- Opening Delimiter -
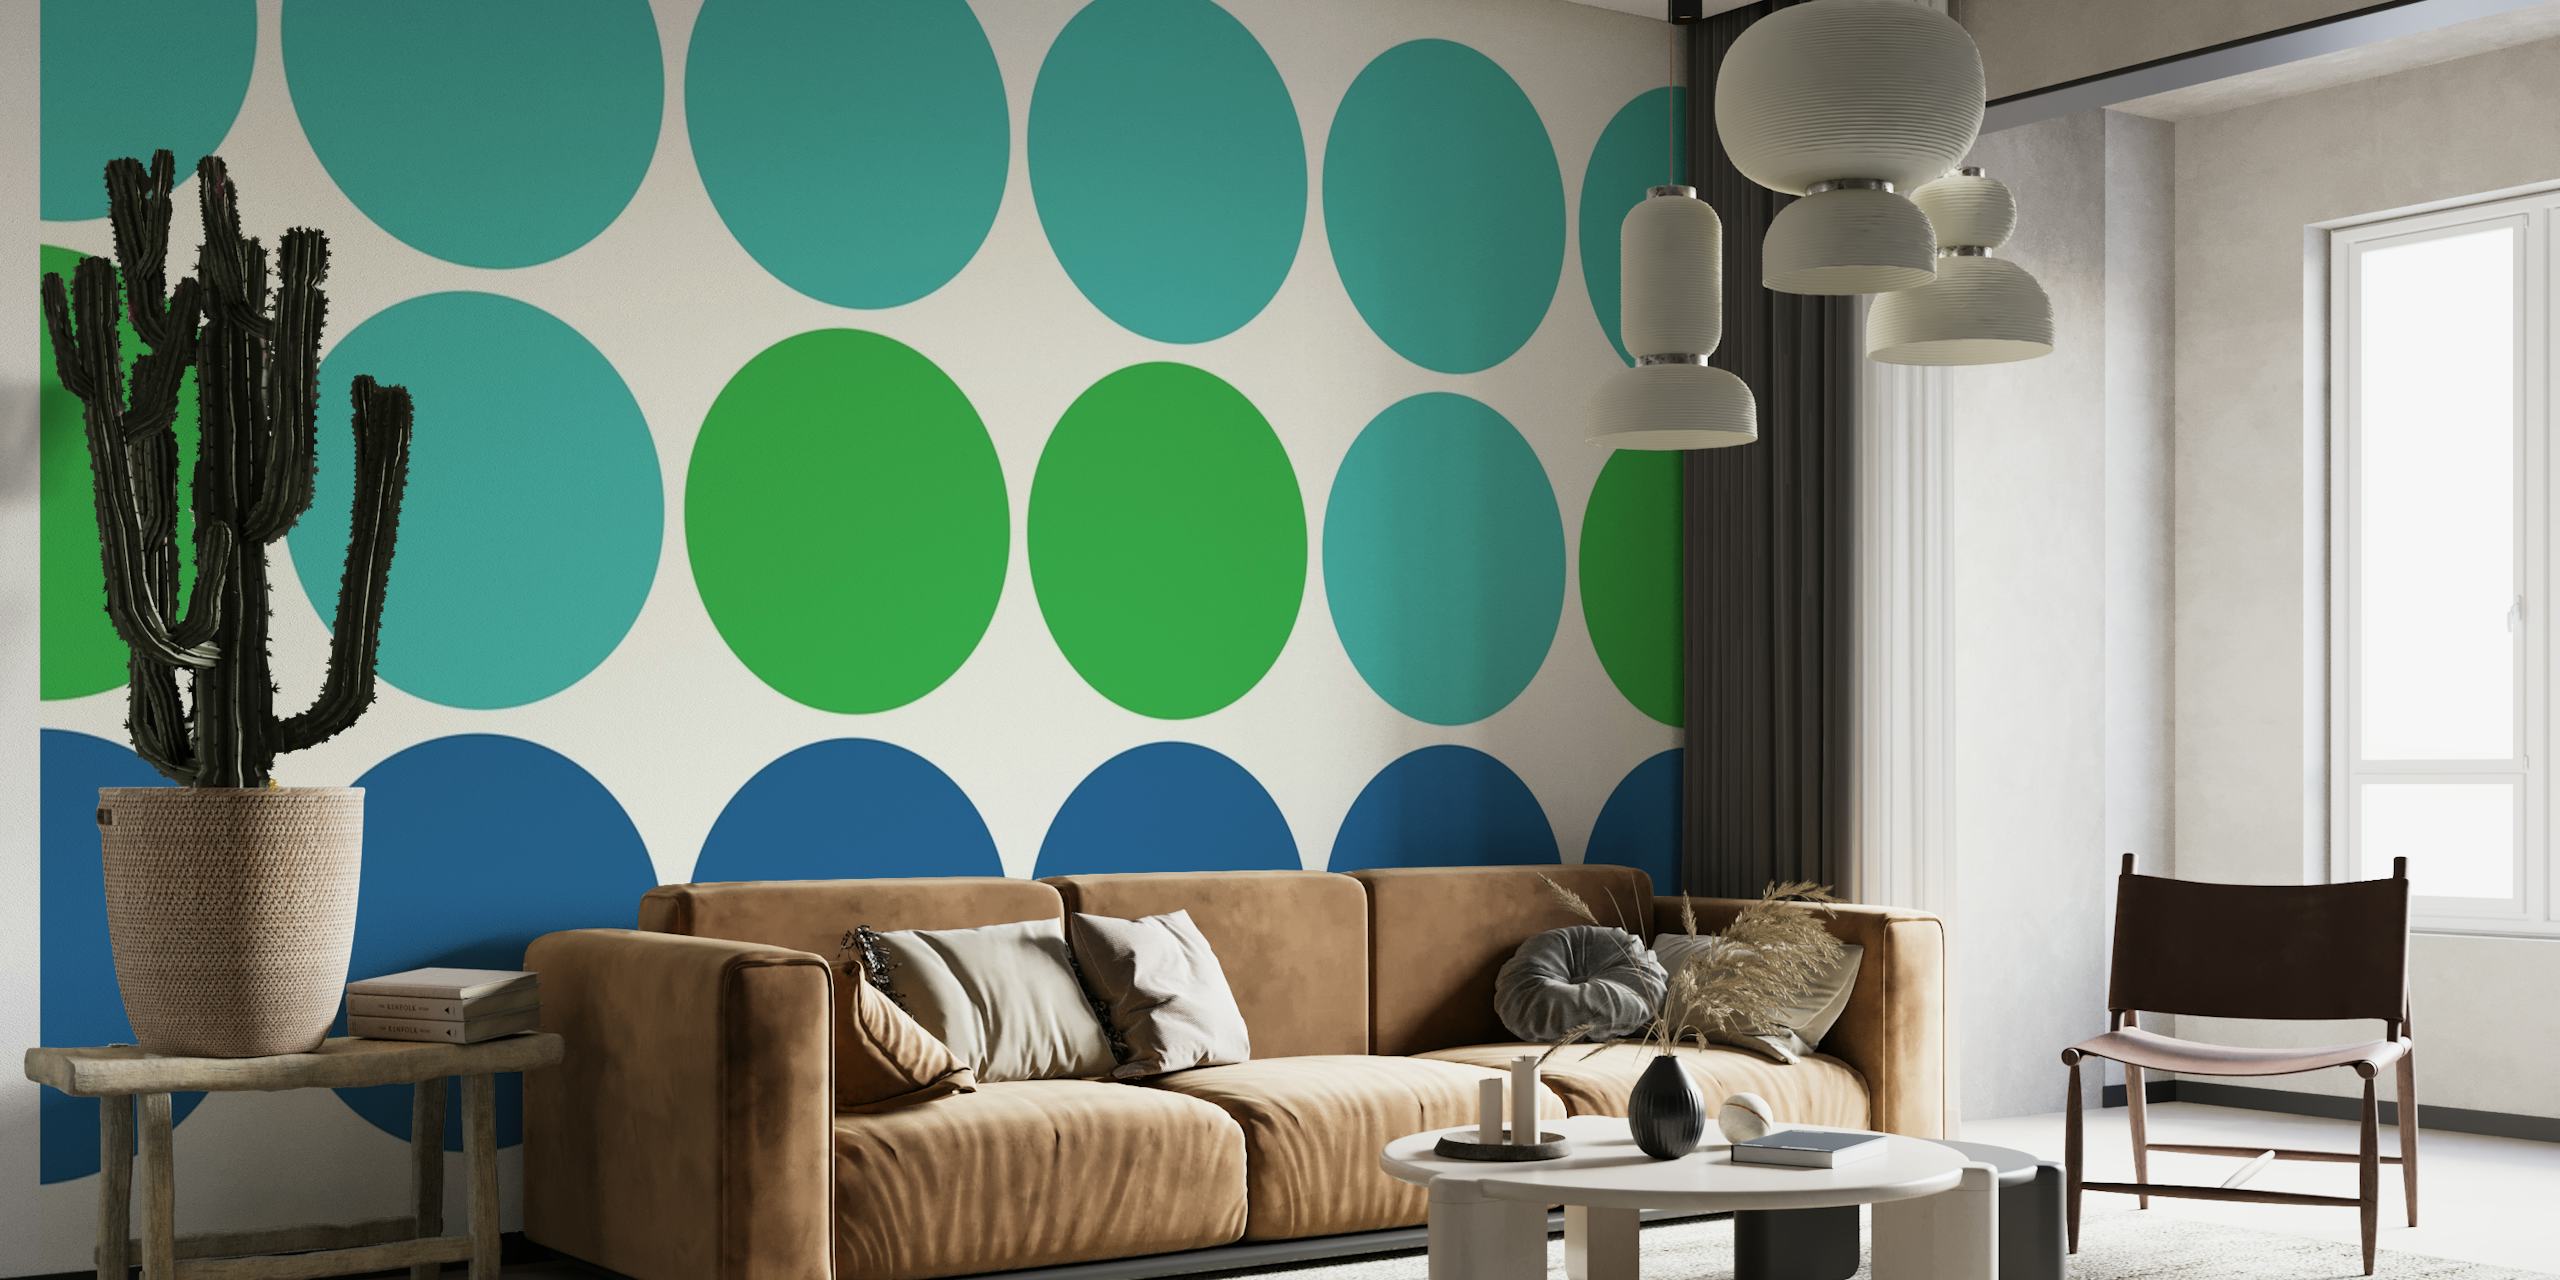 Geometrische muurschildering met cirkelpatroon in de kleuren turkoois, marineblauw en groen
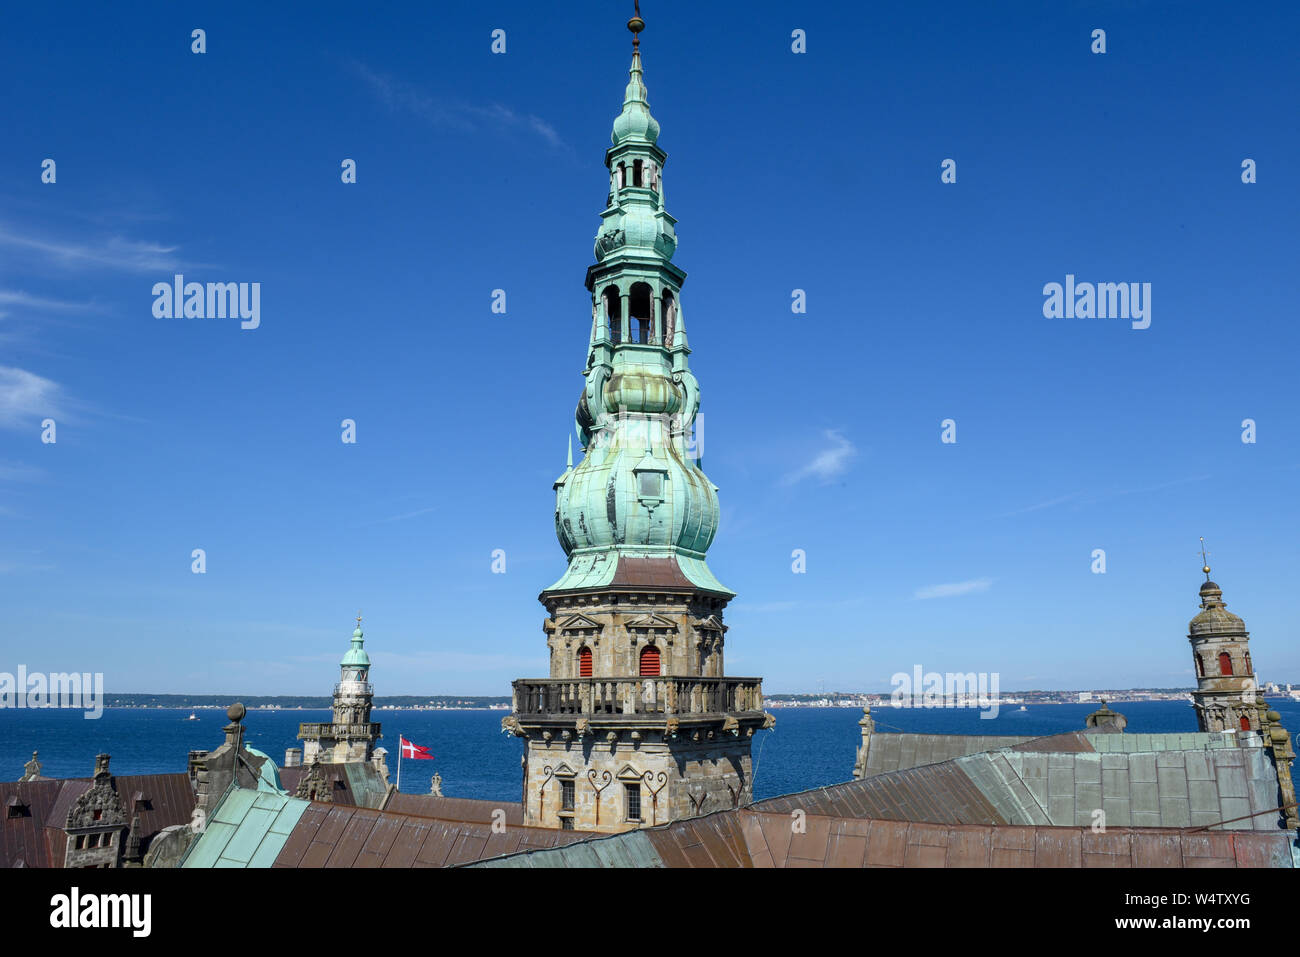 Helsingor, Denmark - 28 June 2019: tower of Kronborg castle at Helsingor on Denmark Stock Photo
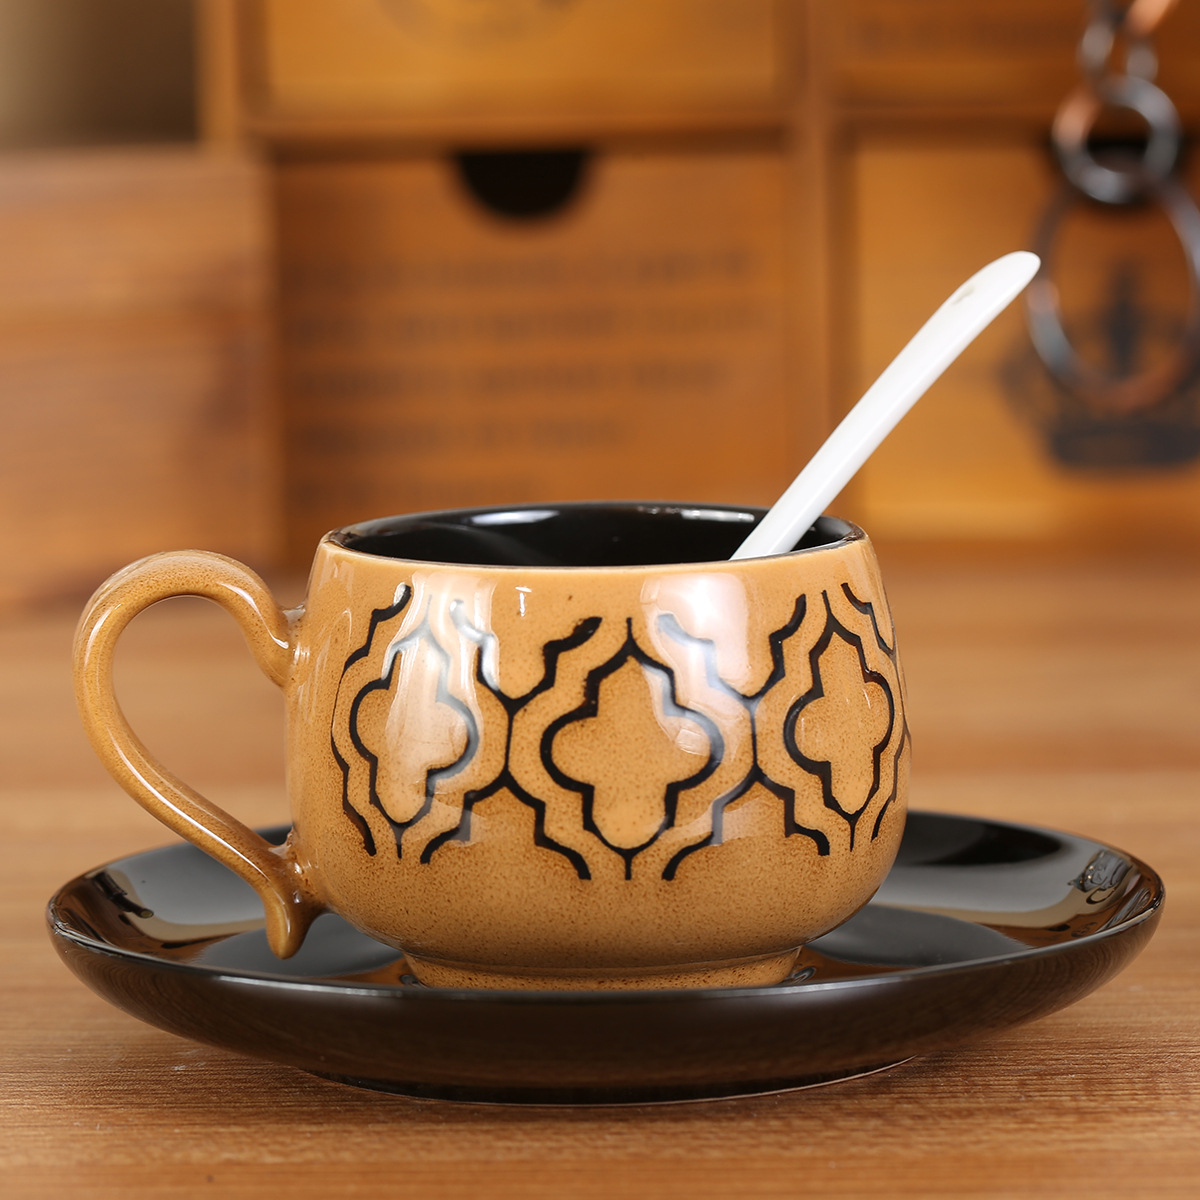 新品陶瓷杯欧式电镀咖啡杯碟套装外贸马克杯会销创意礼品印制LOGO-阿里巴巴
- Closing Delimiter -
> _What the task requires_
Please return, exactly and with pictures omitted, the lines from the line holding "Helsingor, Denmark - 28" through the end of the data above, inclusive.

> _Written answer_
 Helsingor, Denmark - 28 June 2019: tower of Kronborg castle at Helsingor on Denmark Stock Photo
 新品陶瓷杯欧式电镀咖啡杯碟套装外贸马克杯会销创意礼品印制LOGO-阿里巴巴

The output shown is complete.